>>>>>

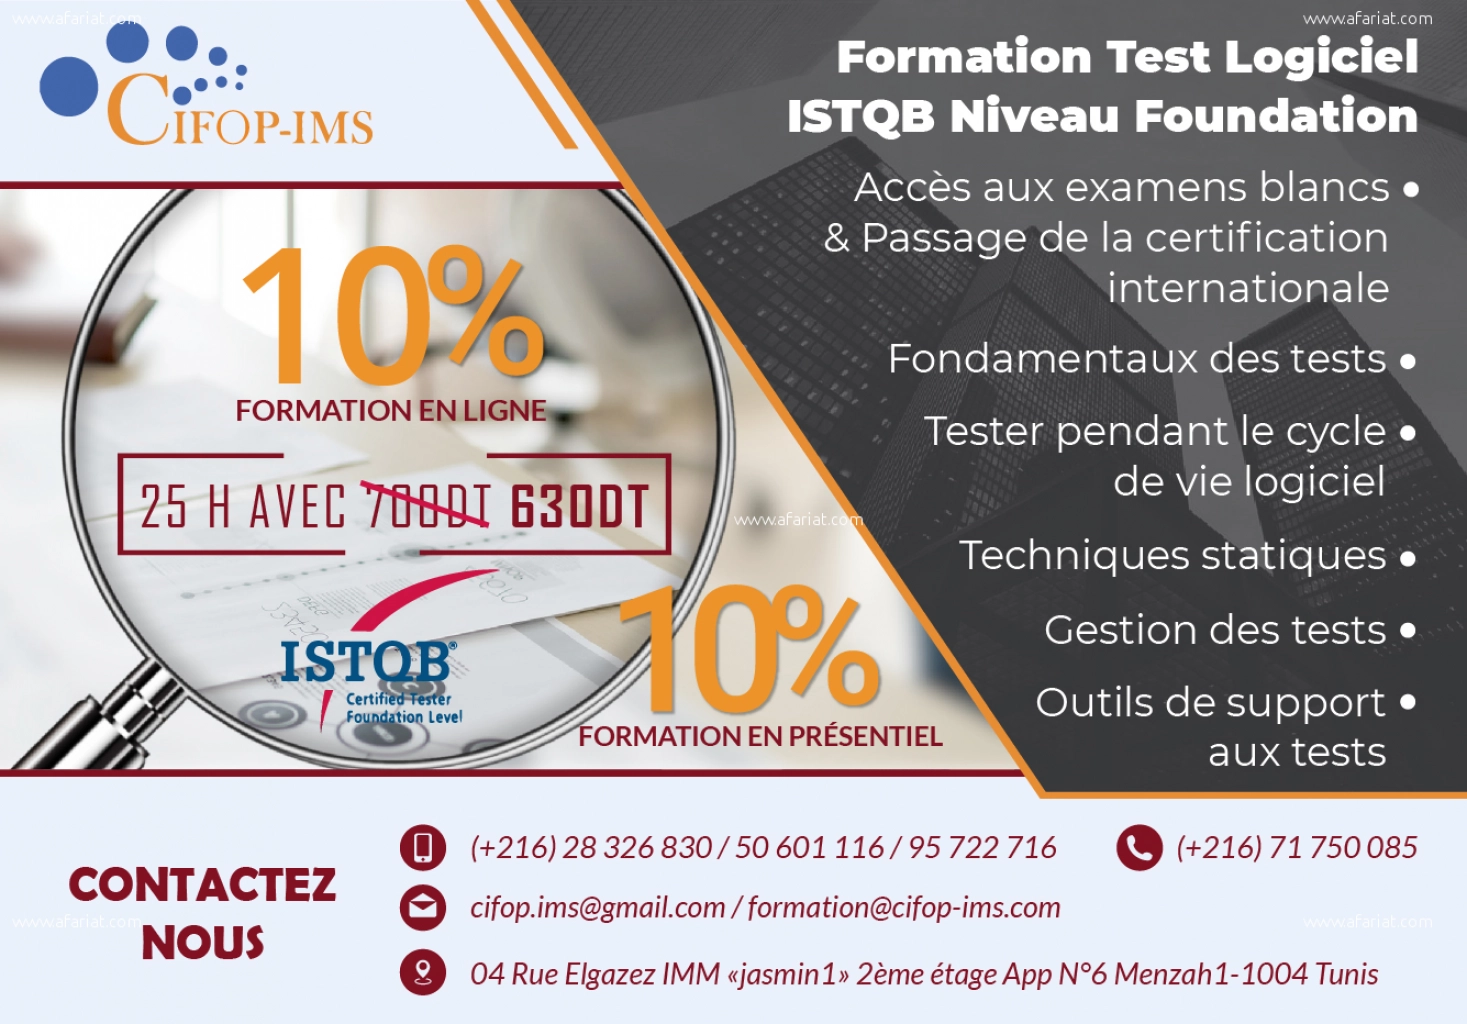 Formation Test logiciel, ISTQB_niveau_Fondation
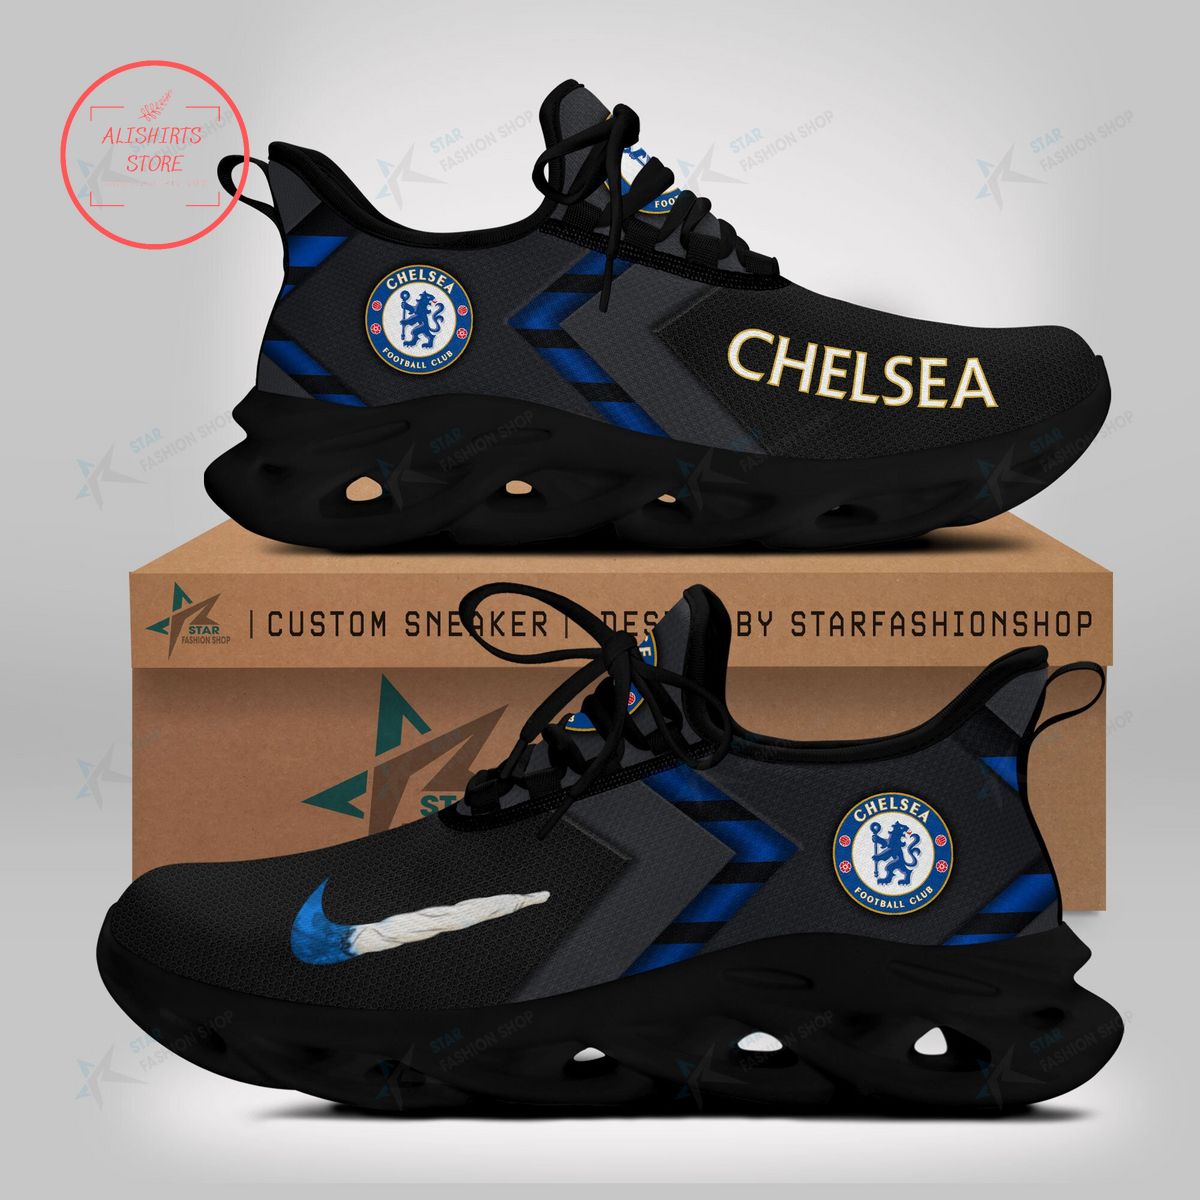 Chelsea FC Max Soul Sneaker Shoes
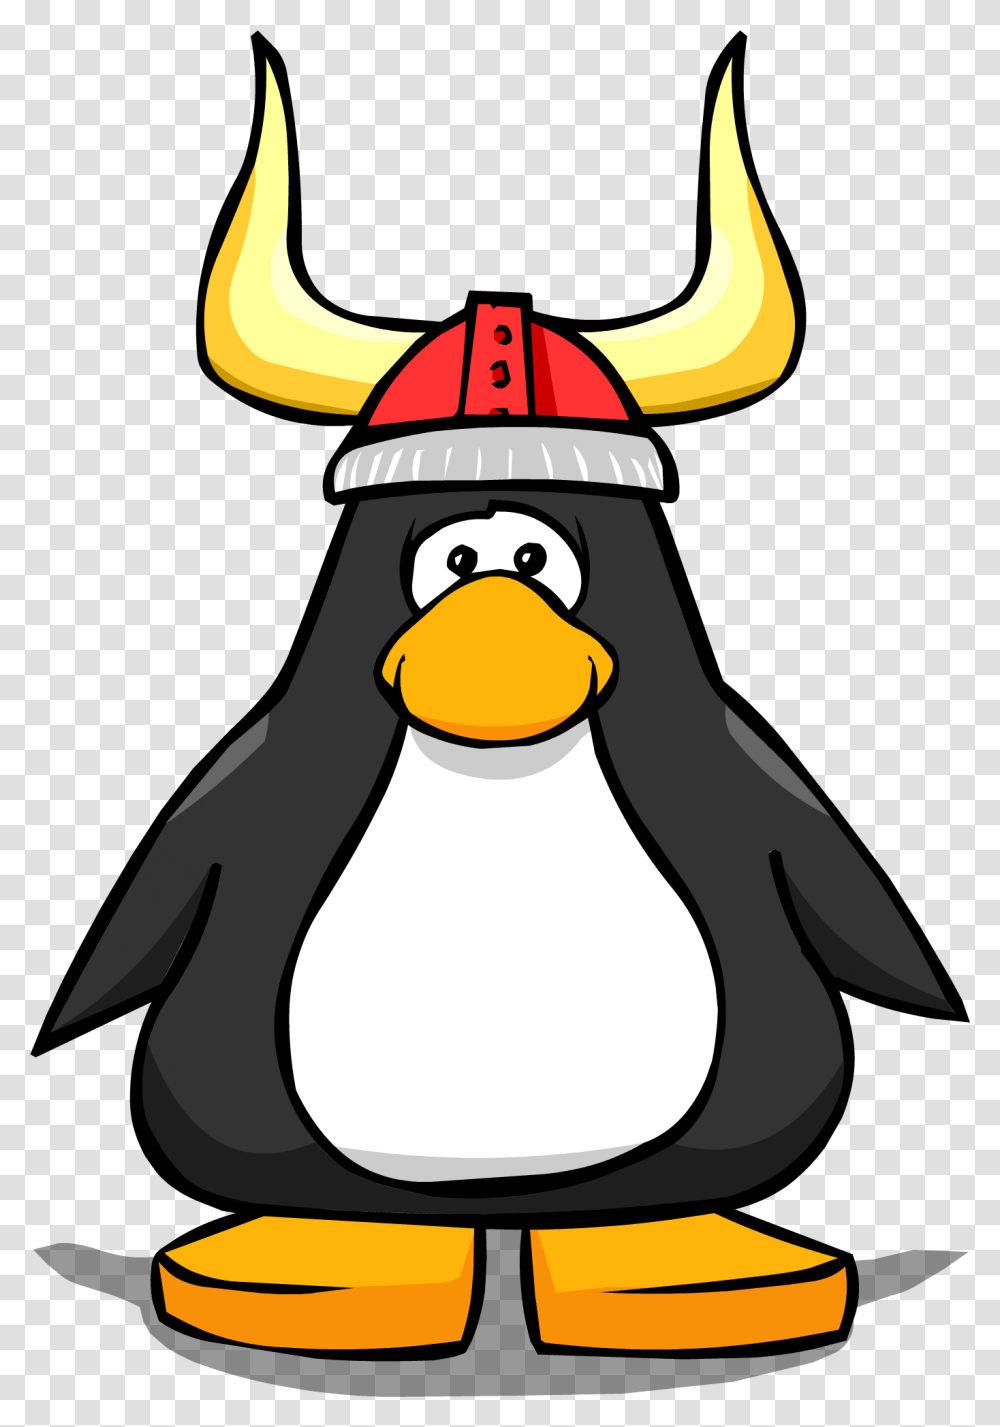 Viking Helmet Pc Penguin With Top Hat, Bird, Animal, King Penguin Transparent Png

<<<<<

Your reply should hold exactly the lines from the line containing "Chelsea FC Max Soul Sneaker Shoes" through the final line of the listing, and none of the pictures.

 Chelsea FC Max Soul Sneaker Shoes
 Viking Helmet Pc Penguin With Top Hat, Bird, Animal, King Penguin Transparent Png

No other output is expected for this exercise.